Here we provide an summary of some of the important statistics for the transmission lineages. From the transmission lineage explorer it is evident that in all locations: Europe, the USA, Norway and Australia, some transmission lineages account for a disproportionate amount of the sequences observed in the locations. Yet in all locations most transmission lineages are small. Here we compare the different locations in terms of transmission lineage size distributions.
It should kept in mind that the size of transmission lineages can be similar, even though they grown in very different ways. For example: a very old, slow spreading, transmission lineage may have a similar size to a a young fast spreading
We consider the research questions (RQs):
summarize_lineages = function(Result) {
# The ten largest lineages account for this % of all observations
c1 = round(sum(Result$Lineage_sizes[1:10])/sum(Result$Lineage_sizes)*100,4)
# The % of lineages that are singletons
c2 = round(sum(Result$Lineage_sizes[Result$Lineage_sizes==1])/sum(Result$Lineage_sizes)*100,4)
return(c(c1,c2))
}
cNOR = summarize_lineages(Result_NOR)
cAUS = summarize_lineages(Result_AUS)
cEUR = summarize_lineages(Result_EUR)
cUSA = summarize_lineages(Result_USA)
mat1 = rbind(cNOR, cAUS, cEUR, cUSA)
colnames(mat1)=c("Percentage of cases explained by 10 largest TL", "Percentage of cases explained by singletons")
rownames(mat1)=c("Norway", "Australia", "Europe","USA")
knitr::kable(mat1)
Percentage of cases explained by 10 largest TL | Percentage of cases explained by singletons | |
---|---|---|
Norway | 44.3735 | 15.7193 |
Australia | 59.7821 | 7.4898 |
Europe | 71.6061 | 4.8014 |
USA | 54.5110 | 6.5346 |
First we plot the lineage size distributions on normal and log-log scale for each location.
Next we fit a powerlaw distribution using the fit_power_law function from the igraph R-package. We use the Kolmogorov-Smirnov included in the package test calculate the p-value indicating if the data if significantly different what we expect under a power law distribution with the estimated coefficient.
powerNOR = fit_power_law(x = Result_NOR$Lineage_sizes, xmin=1)
powerAUS = fit_power_law(x = Result_AUS$Lineage_sizes, xmin=1)
powerEUR = fit_power_law(x = Result_EUR$Lineage_sizes, xmin=1)
powerUSA = fit_power_law(x = Result_USA$Lineage_sizes, xmin=1)
powerMatrix = rbind(c(powerNOR$alpha,paste(powerNOR$KS.p<0.05)),
c(powerAUS$alpha,paste(powerAUS$KS.p<0.05)),
c(powerEUR$alpha,paste(powerEUR$KS.p<0.05)),
c(powerUSA$alpha,paste(powerUSA$KS.p<0.05)))

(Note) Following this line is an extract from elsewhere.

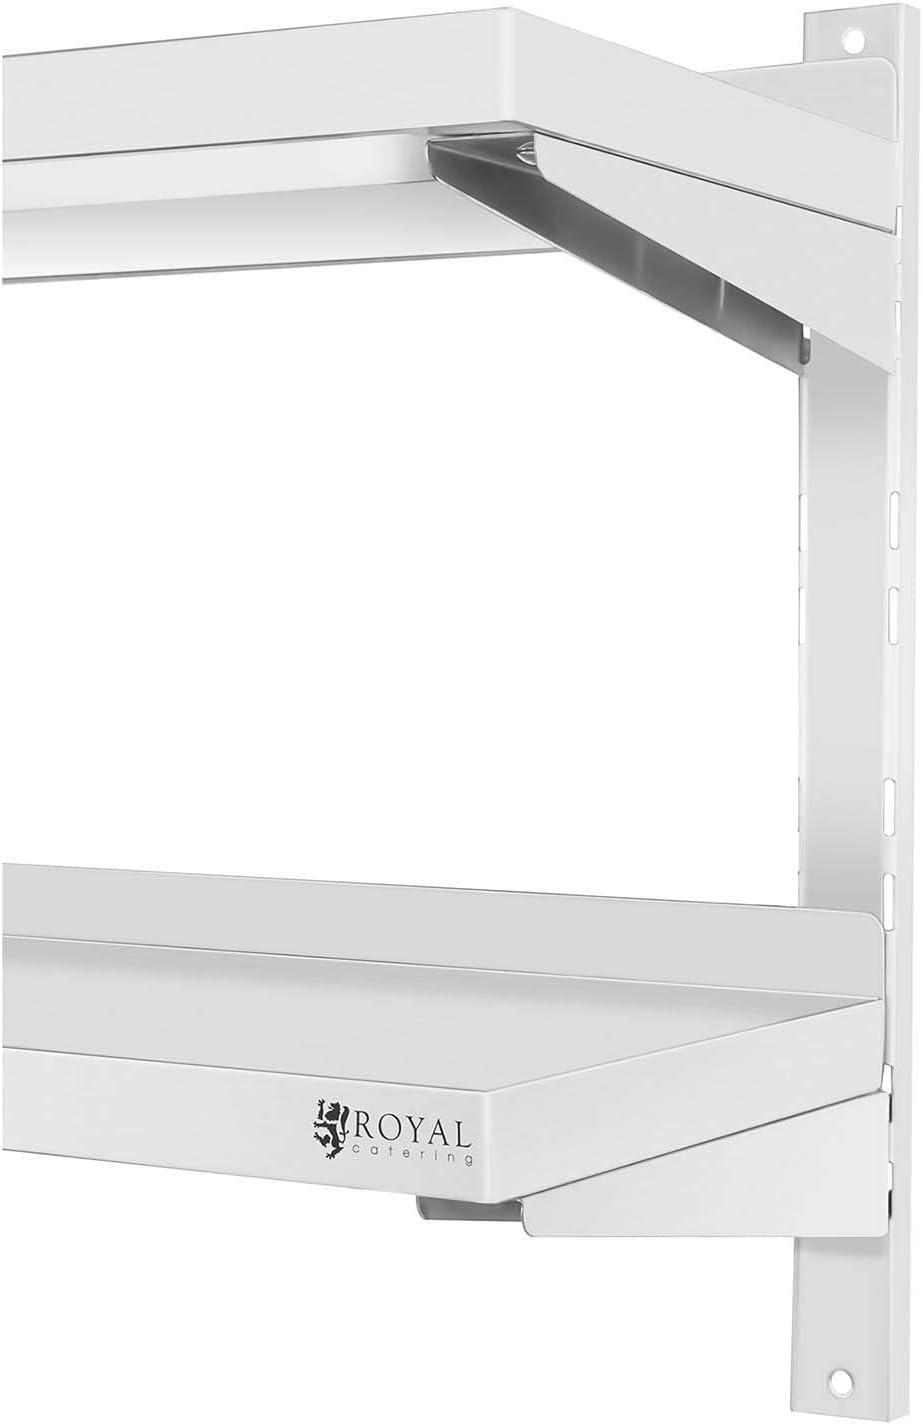 Royal Catering RCWR-2000.3 Wandbord 2 Ablagen 30 x 200 cm Regal Edelstahlregal K/üchenregal Edelstahl 40 kg

colnames(powerMatrix)=c("Power law coefficient","Reject power law distribution")
rownames(powerMatrix)=c("Norway", "Australia", "Europe","USA")
knitr::kable(powerMatrix)
Power law coefficient | Reject power law distribution | |
---|---|---|
Norway | 2.03033515380972 | FALSE |
Australia | 1.85703596214718 | FALSE |
Europe | 1.87619239534857 | FALSE |
USA | 1.79110495883469 | FALSE |
Lastly we compare the fitted power-law distributions to observed lineage size distributions by drawing the same number of transmission lineage sizes from the power law distributions 1000, and comparing the percentiles.